There used to be a time when the American political tradition was that the divisiveness between the political parties would stop at the water’s edge (the water being the ocean water). It meant that, when it came to conflict with foreign powers, the parties would close ranks behind the commander in chief. That tradition has gradually eroded by ill conceived military interventions, without prior congressional approval, in the Balkans, in Iraq, and Afghanistan, but it never has been flaunted as much as in recent days when the former President, his acolytes, and his media voices, in defiance of the Biden foreign policy, have openly sided with Putin in his invasion of Ukraine. While it remains to be seen whether the GOP aisles in Congress will follow the Trump route and withhold support for the sanction regime designed by the Biden administration in close coordination with its European allies, it hints at the possibility that the GOP will push this issue to the point that it will hurt the party in the upcoming elections of 2022 and 2024. Just like Putin may find to have shot himself in the foot by overreaching in his imperial ambitions to the point that he will lose the support of the Russian military and the Russian people, the Trump faction of the GOP may be disqualifying itself in the eyes of the American voters by siding with Putin in his attack on Ukraine. We will find out in the coming weeks and months.

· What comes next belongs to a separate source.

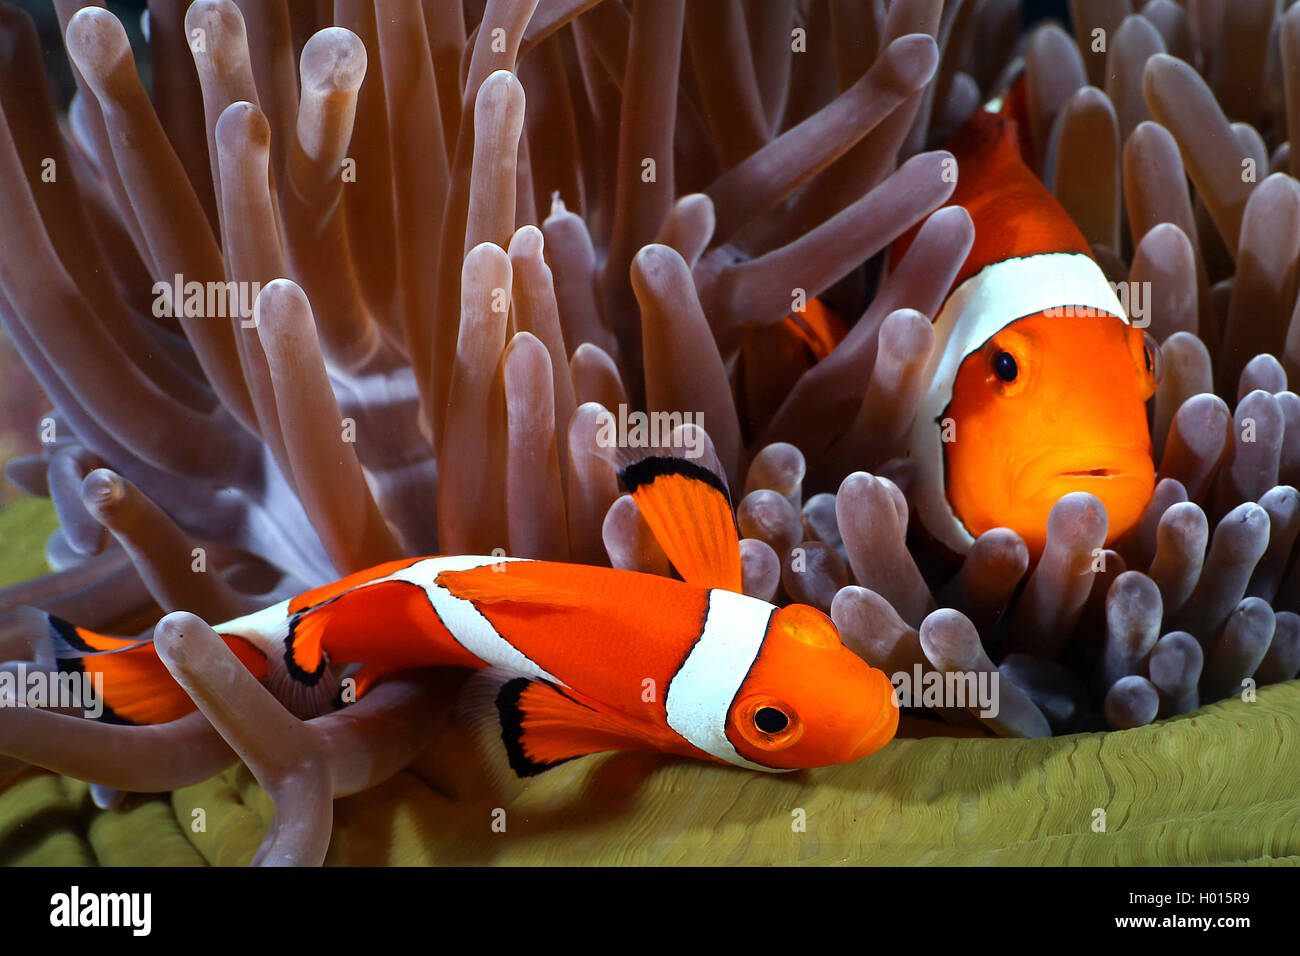 False clown Anemonenfischen, Clown anemonenfischen (Amphiprion ocellaris), zwei anemonenfischen in einem prächtigen Seeanemone, Seychellen Stockfoto

In the meantime, we are relegated to standing by as the Ukrainians struggle to maintain their sovereignty. If we don’t want to be confronted with the nakedness of our power at the next go-around, America better gets busy reorganizing NATO into a force that can actually deter any enemy with military might that does not rely on a nuclear arsenal. Otherwise, article 5 of the NATO charter may prove to be a empty letter. Putin may just be betting it is. Let’s pray that Putin’s next move, if he does not get tripped by his Ukrainian escapade, will not be directed towards the Baltic, where our resolve to stand by our commitment under article 5 of the NATO charter would be sorely tested.